Divisi grosir ini berupa toko yang sementara ini masih berada di kantor pusat di Kompleks Lippo Karawaci, Cikarang. Di daerah-daerah ada bagian manajerial atau marketing yang membuka cabang untuk melayani grosir dengan pangsa pasar dari hotel, resto, cafe, toko kelontong, dan ritel kecil di daerah-daerah.
"Keberadaan grosir ini tidak hanya untuk keuntungan bisnis kami saja, tapi juga untuk menepis anggapan pasar ritel modern mematikan usaha kecil masyarakat. Kami juga memperhatikan keberadaan mereka untuk sama-sama maju," lanjut Danny.
Secara kontribusi, grosir memang hanya kurang dari 10 persen. Hal itu disebabkan masih sebatas toko yang ada di Jakarta. Kedepannya, bersiap untuk dikembangkan di daerah lainnya, seperti di Surabaya.
Apalagi saat ini Hypermart sudah ada di berbagai daerah dan ada 110 titik. "Ditoko Hypermart itulah nantinya toko cabang grosir juga akan kami sediakan," ujar Danny.
Untuk mendukung pengembangan di tingkat daerah, MPP juga melakukan renovasi dan pembukaan toko baru. Untuk renovasi, salah satunya dilakukan di Hypermart Supermal Pakuwon Indah (SPI) yang reopening dilakukan, Sabtu (23/5/2015).

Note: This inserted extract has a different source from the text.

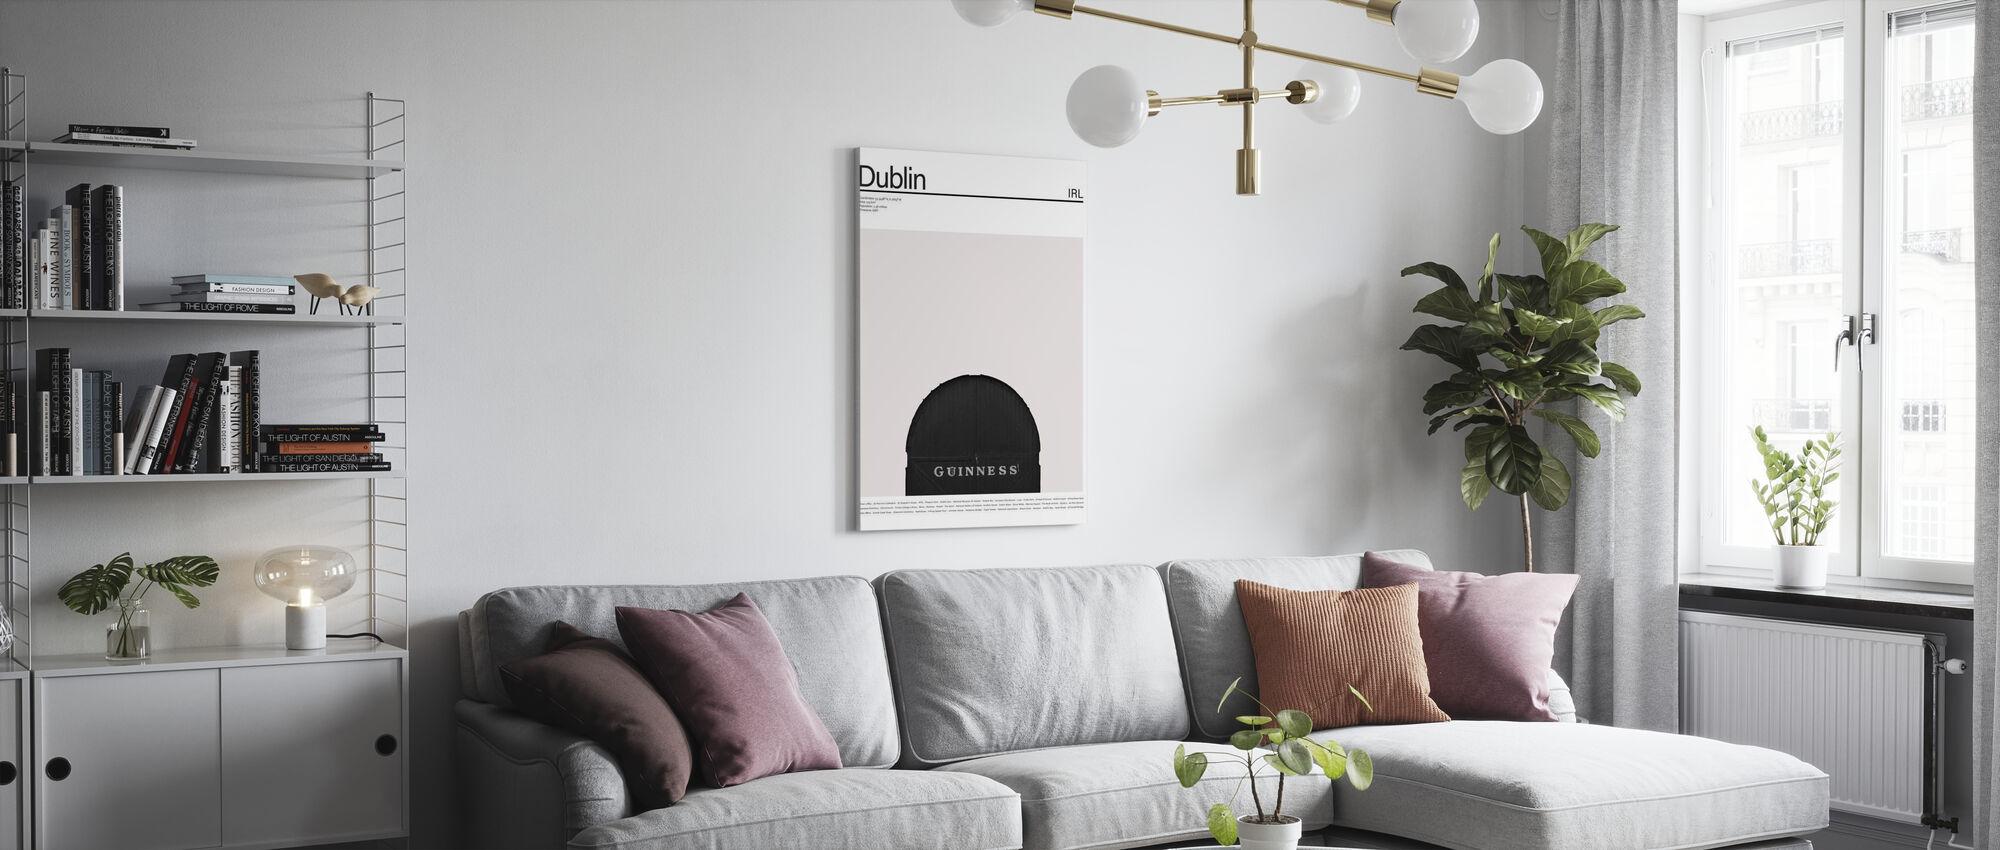 City Dublin I - Canvas print - Living Room

Bersamaan reopening Hypermart SPI, juga digelar reopening Hypermart di Pejanten, dan Cibubur. Ketiganya disiapkan dengan konsep Generasi Ketujuh (G7) dengan investasi sekitar Rp 20 miliar.
Selanjutnya akan diikuti tujuh gerai Hypermart lain yang akan dilakukan usai Hari Raya Idul Fitri karena Hari Raya Idul Fitri merupakan masa panen dan tahun ini diprediksi kenaikan hingga 10 persen.
"Tahun lalu pendapatan kami sekitar Rp 2,2 triliun, tahun ini target Rp 3 triliun. Sementara untuk target pendapatan akhir tahun sebesar Rp 14 triliun, naik dibanding Tahun 2014 yang mencapai Rp 13,56 triliun," lanjut Danny.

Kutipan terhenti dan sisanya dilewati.